Motif search and inference

The term motif is quite general, referring to locally-conserved structures in biological entities. The latter may correspond to biological sequences and 3D structures, or to abstract representations of biological processes, such as evolutionary trees or graphs, and biochemical or genetic networks. When referring to sequences, the term motif must be understood in a broad sense, which covers binding sites in both nucleic and amino acid sequences, but also genes, CpG islands, transposable elements, retrotransposons, etc.

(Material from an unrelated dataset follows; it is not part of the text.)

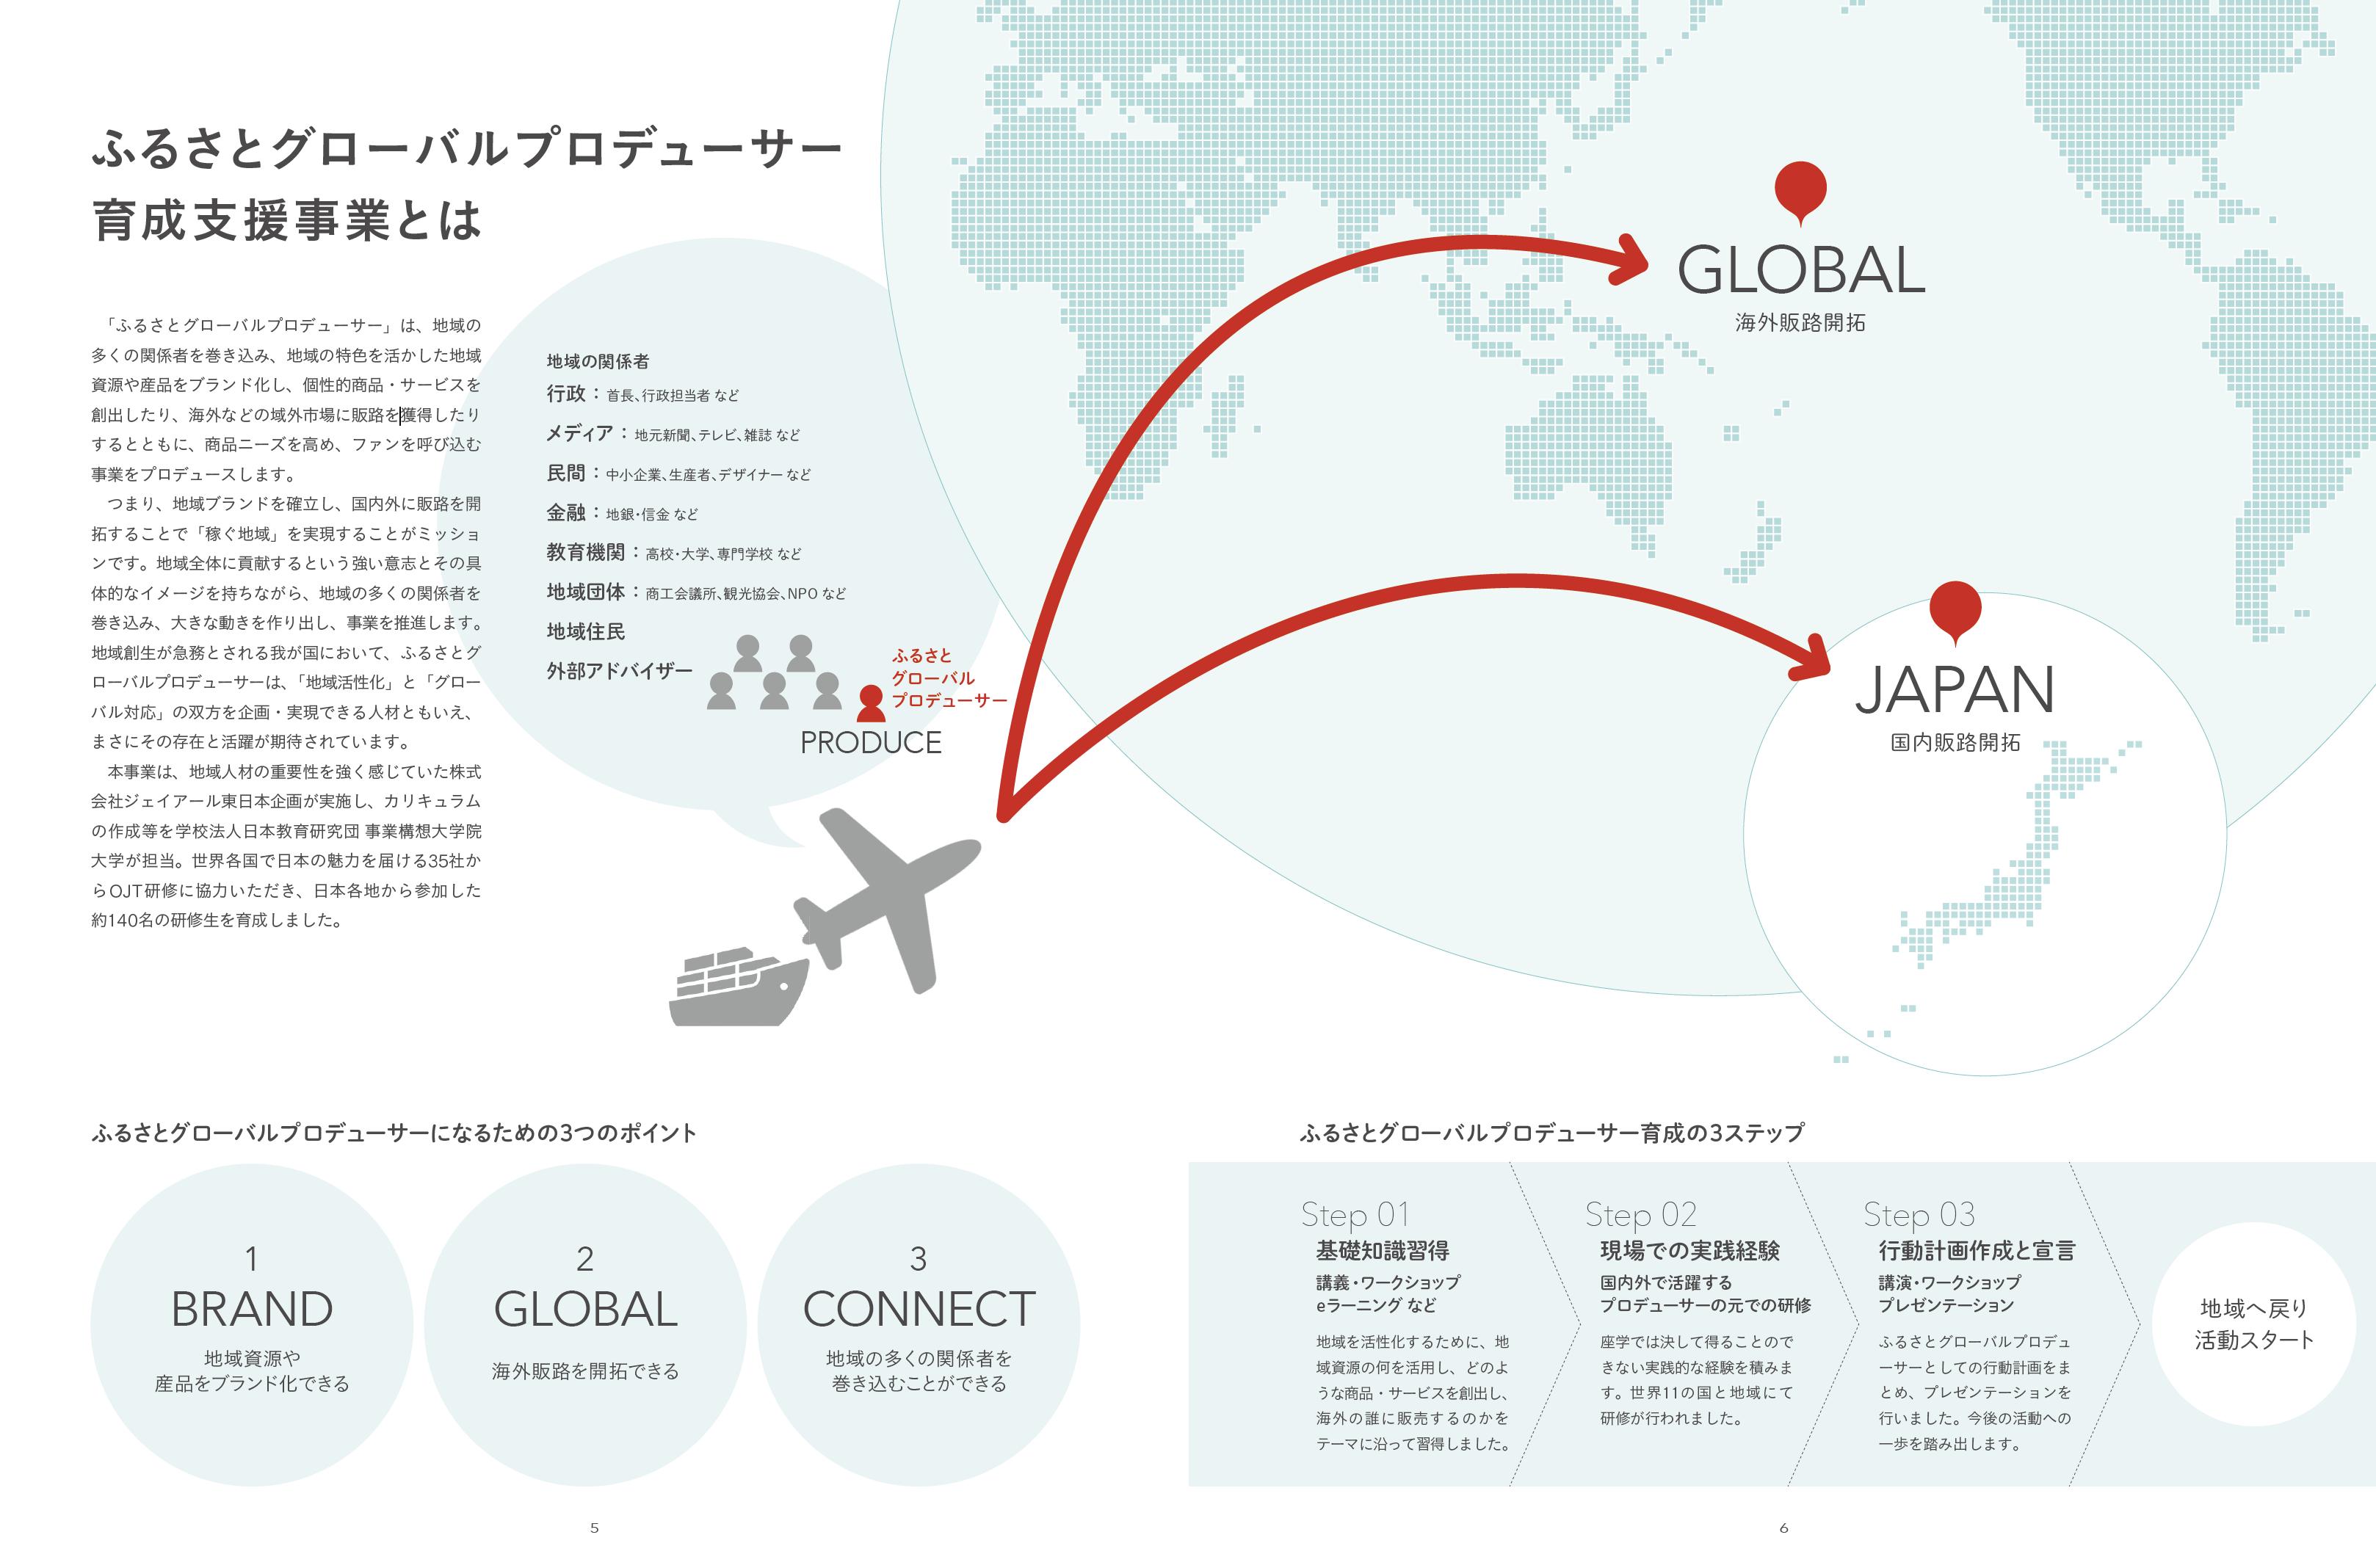 ふるさとグローバルプロデューサー 説明図

The occurrence of motifs in a sequence provides an indication of the function of the corresponding biological entity. Identifying motifs, whether using a model established from previously-obtained examples of a conserved structure or proceeding ab initio , represents therefore an important area of research in computational biology. Motif identification consists of two main parts: 1. feature identification, which aims at finding and precisely mapping the main features of a genome: protein or RNA-coding genes, DNA or RNA sequence or structure signals, satellites (tandem repeats) or transposable elements (dispersed repeats with a specific structure), regulatory regions, etc; 2. relational identification, the goal of which consists in finding relations existing among the features individually characterized in the first step. Such relations are diverse in nature. They may, for instance, concern the participation of various features in a cellular process, or their physical interaction.

Search and inference problems, whether they concern features or relations, are in fact the extremes of a continuum of problems that range from seeking for something well-known to trying to identify unknown objects. The main difficulty lies in the fact that features and the relations holding between them should in general be inferred together. However, the information that must be manipulated in this case (cooperative signals, operons, regulons, reaction pathways or molecular assemblies) is more complex than the initial genome data and thus requires a higher degree of abstraction, and more sophisticated algorithms or statistical approaches. Various search and inference methods have already been developed by HELIX. These include methods for DNA and protein sequence motifs inference, gene finding, satellites and repeats identification and RNA common substructure inference. More recent work concerns the definition of motifs in graphs representing, for instance, metabolic pathways. In the last year, work has started also on mixing information from various often quite heterogeneous sources to infer motifs. These include for now sequence information with information on gene expression coming from microarray experiments and information provided by the signals evolution imprints into genomes. The final objective is to be able to automatically infer whole cellular modules, that is in fact small or, in the longer term, larger-scale biological networks. This new topic provides a strong link between comparative and functional genomics, molecular biology seen at the linear level of a genome and networks.